Framing questions

I might be starting framing pretty soon and it’s bringing up question of my own. It’s a shelf layout, kind of like around-the-room except it’s not going to be room sized (I’ll grow into it [;)]), no more than 18 inches deep so I planned on attaching it right to the wall with good metal shelf L brackets right into the wall studs. First question is the framing itself. I’ve asked the difference between L girder and open grid so I know what each one is, but then looking back at MR issues looking at the articles for the Waterburry extension for idea’s it looked like Dave made a lower frame of L-girder and then attached his plywood to a frame that went on the L-girder frame. Could the frame just be made with perimiter L-girder and the plywood attached right to that? Which type would be the lightest.
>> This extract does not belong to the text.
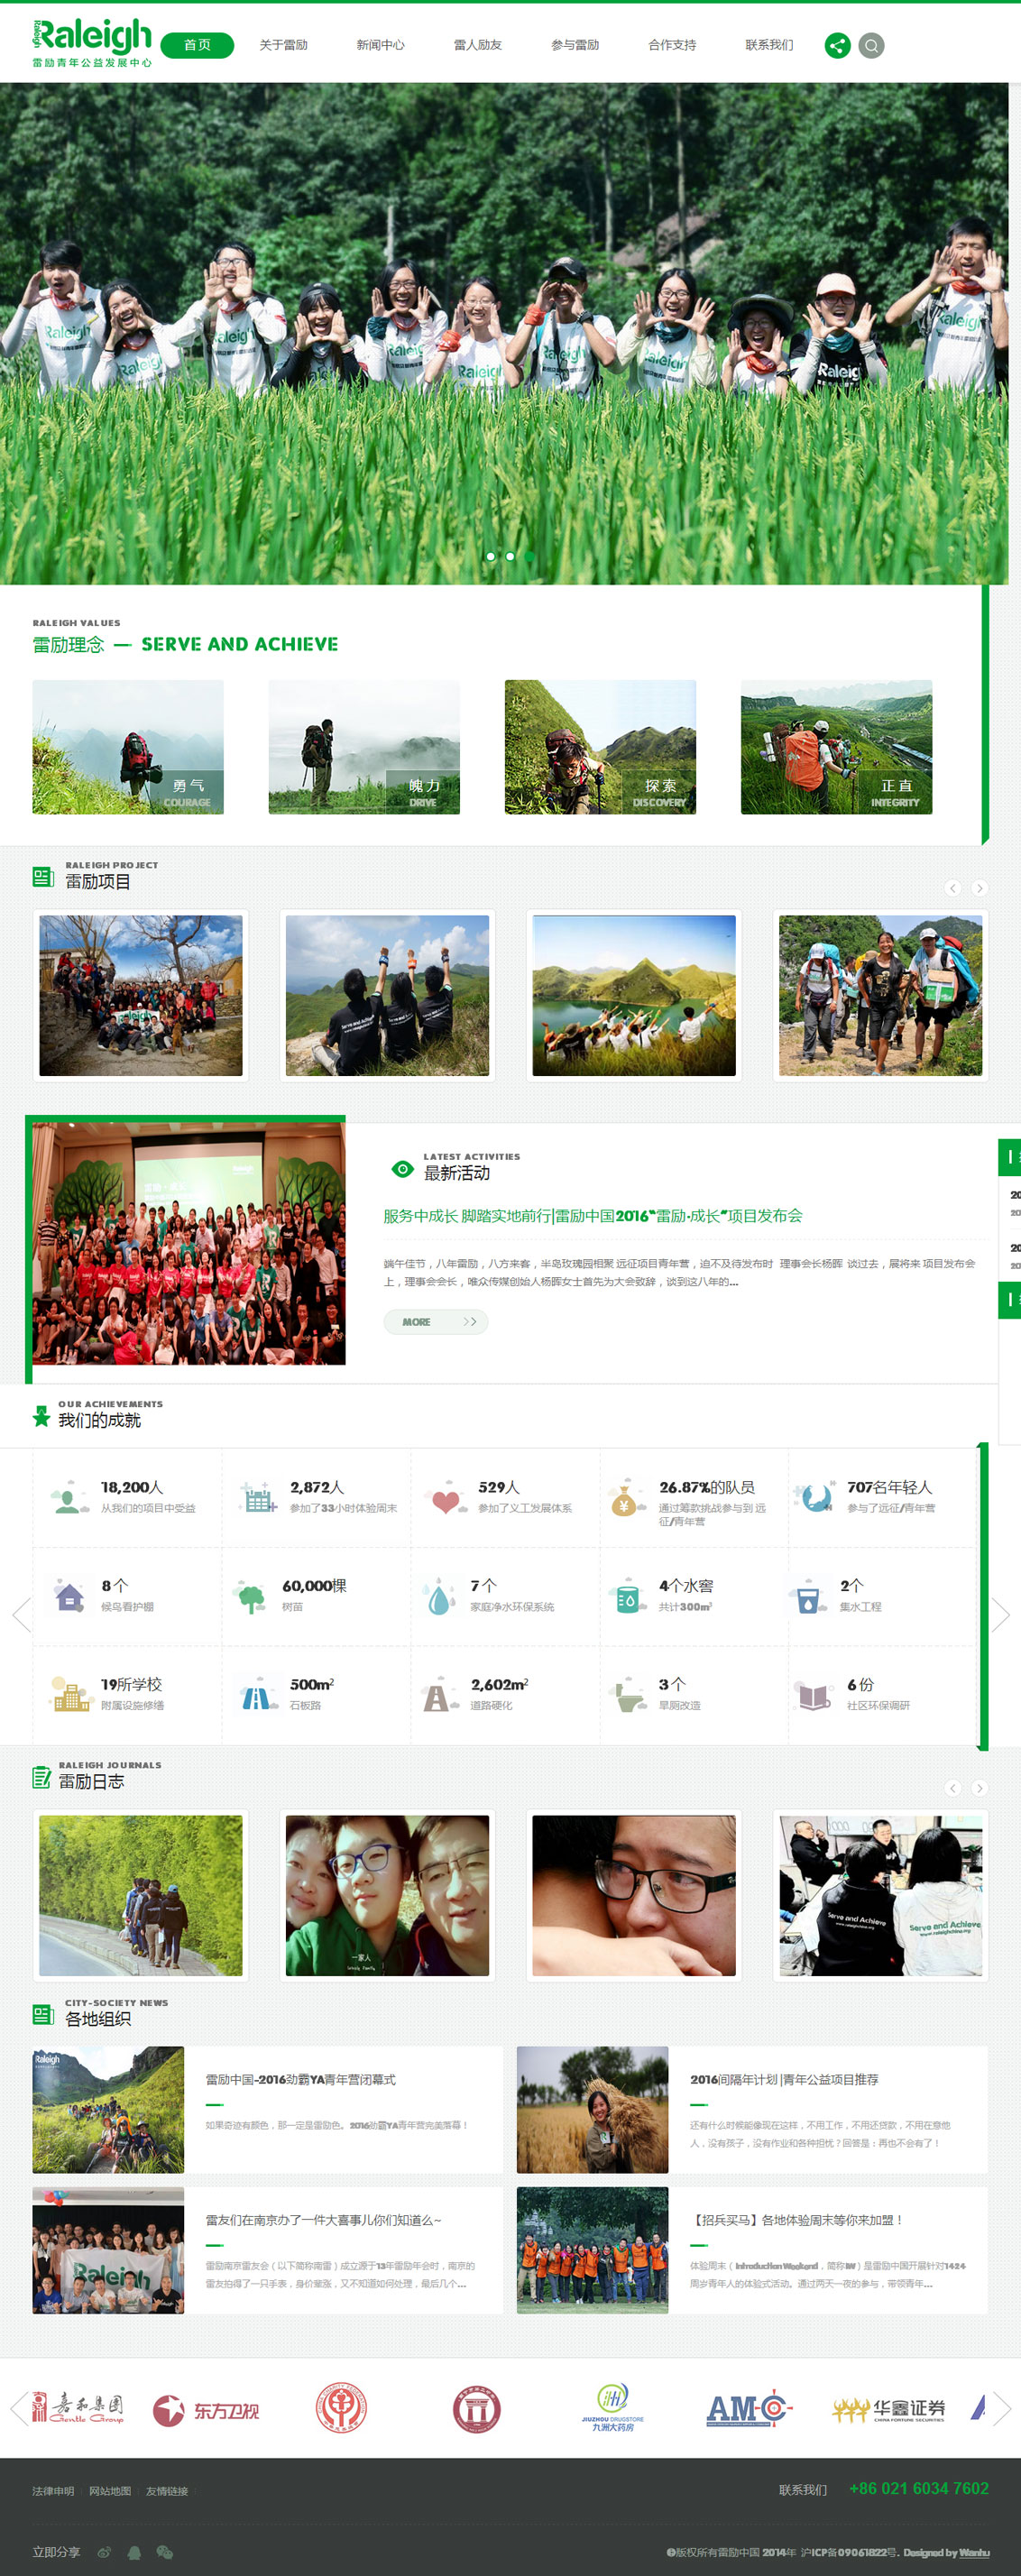 上海雷励青年公益发展中心-万户网络设计制作网站

Not sure if I’m going to put everything right on the plywood or on foam board yet though.

I forgot what the second question was[banghead] so I will have to get back to everyone.

I did something like that last year. A narrow around the walls layout completely supported by L brackets screwed to studs. I made up sections with 3/8 inch plywood and 1 * 4 pine frames around the edge of the plywood. Then I laid 2" blue foam on top of the plywood. Works, is strong enough for trains, although not strong enough to stand on. I ran a 3/8 inch dado down the inside of the 14 framing material to accept the plywood, then glued and nailed the frame to the plywood edge. The plywood stiffens the 14 just like an L-girder would. The plywood gives me a solid underside of the layout to attach switch machines, wire looms, power packs, and other stuff too. The width of my layout varies from 2 feet to 6 inches. I finished the frames with a couple of coats of oil based paint, sand between coats, and it looks quite acceptable. I bought an electronic stud finder at Wal Mart ($18) which worked well.